There are a bunch of quotes in the statement, all of them predictably excited about the tool. PwC Global Tax & Legal Services Leader Carol Stubbings (PwC UK) says Harvey marks a huge shift in the way that tax and legal services will be delivered and consumed across the industry. PwC Global Legal Business Solutions Leader (PwC Australia) Tony O’Malley says it will transform the way PwC provides legal solutions across the globe. Buzzwords like “game changer” and “paradigm shift” make an appearance. And Harvey’s two founders are both thrilled (one used that word) to partner with PwC. Harvey apparently was not asked for comment.

Here’s a quote the grunts might like. This is from Sandeep Agrawal, PwC’s Global Leader for Legal Technology (PwC UK): “With the use of Harvey, our Legal Business Solutions professionals will be at the forefront of industry developments, catalysing their ability to deliver comprehensive, cost-efficient and market-relevant solutions to our clients. Integrating Harvey into our day to day activities will free-up much needed time and resources allowing our people to focus more on innovation and value accretive tasks.”

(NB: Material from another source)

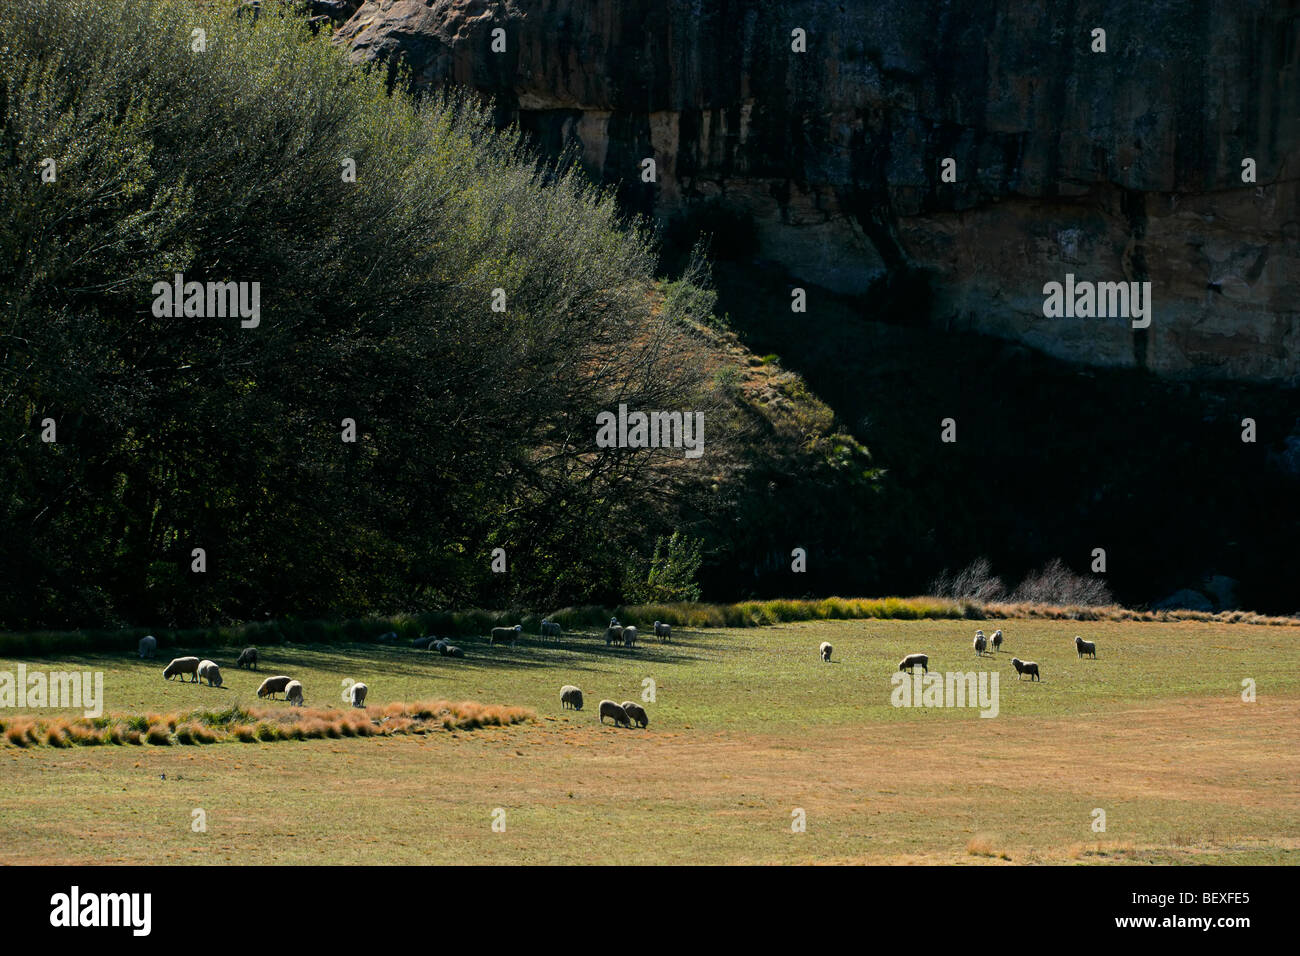 Paesaggio rurale con alberi, pascoli e pecore al pascolo, la mattina presto, Sud Africa Foto Stock

Harvey currently has a waitlist. It was founded by Gabriel Pereyra, who used to be a research scientist at DeepMind, Google Brain, and Meta AI, and former securities and antitrust litigator Winston Weinberg. In a November 2022 TechCrunch interview, Pereyra explains what exactly the tool offers legal professionals:

“Our product provides lawyers with a natural language interface for their existing legal workflows,” Pereyra told TechCrunch in an email interview. “Instead of manually editing legal documents or performing legal research, Harvey enables lawyers to describe the task they wish to accomplish in simple instructions and receive the generated result. To enable this, Harvey leverages large language models to both understand users’ intent and to generate the correct output.”

More concretely, Harvey can answer questions asked in natural language like, “Tell me what the differences are between an employee and independent contractor in the Fourth Circuit,” and “Tell me if this clause in a lease is in violation of California law, and if so, rewrite it so it is no longer in violation.” On first read, it almost seems as though Harvey could replace lawyers, generating legal arguments and filing drafts at a moment’s notice. But Pereyra insists that this isn’t the case.

Sounds like something an aspiring lawyer AI would say…

“We want Harvey to serve as an intermediary between tech and lawyer, as a natural language interface to the law,” he told TechCrunch. “Harvey will make lawyers more efficient, allowing them to produce higher quality work and spend more time on the high value parts of their job. Harvey provides a unified and intuitive interface for all legal workflows, allowing lawyers to describe tasks in plain English instead of using a suite of complex and specialized tools for niche tasks.”

“Working with PwC provides a unique opportunity to further enhance AI’s potential to solve the most complex legal problems,” said Pereyra in the firm’s announcement. “The scope of PwC’s capabilities enables us to collaborate on AI systems that expand on Harvey’s core legal use cases to provide more comprehensive solutions for PwC and their clients.”

Anyway, kinda cool. Thought we’d share.

Update: A month after the PwC partnership was announced, Harvey raised $21 million in a Series A funding round led by Sequoia Capital.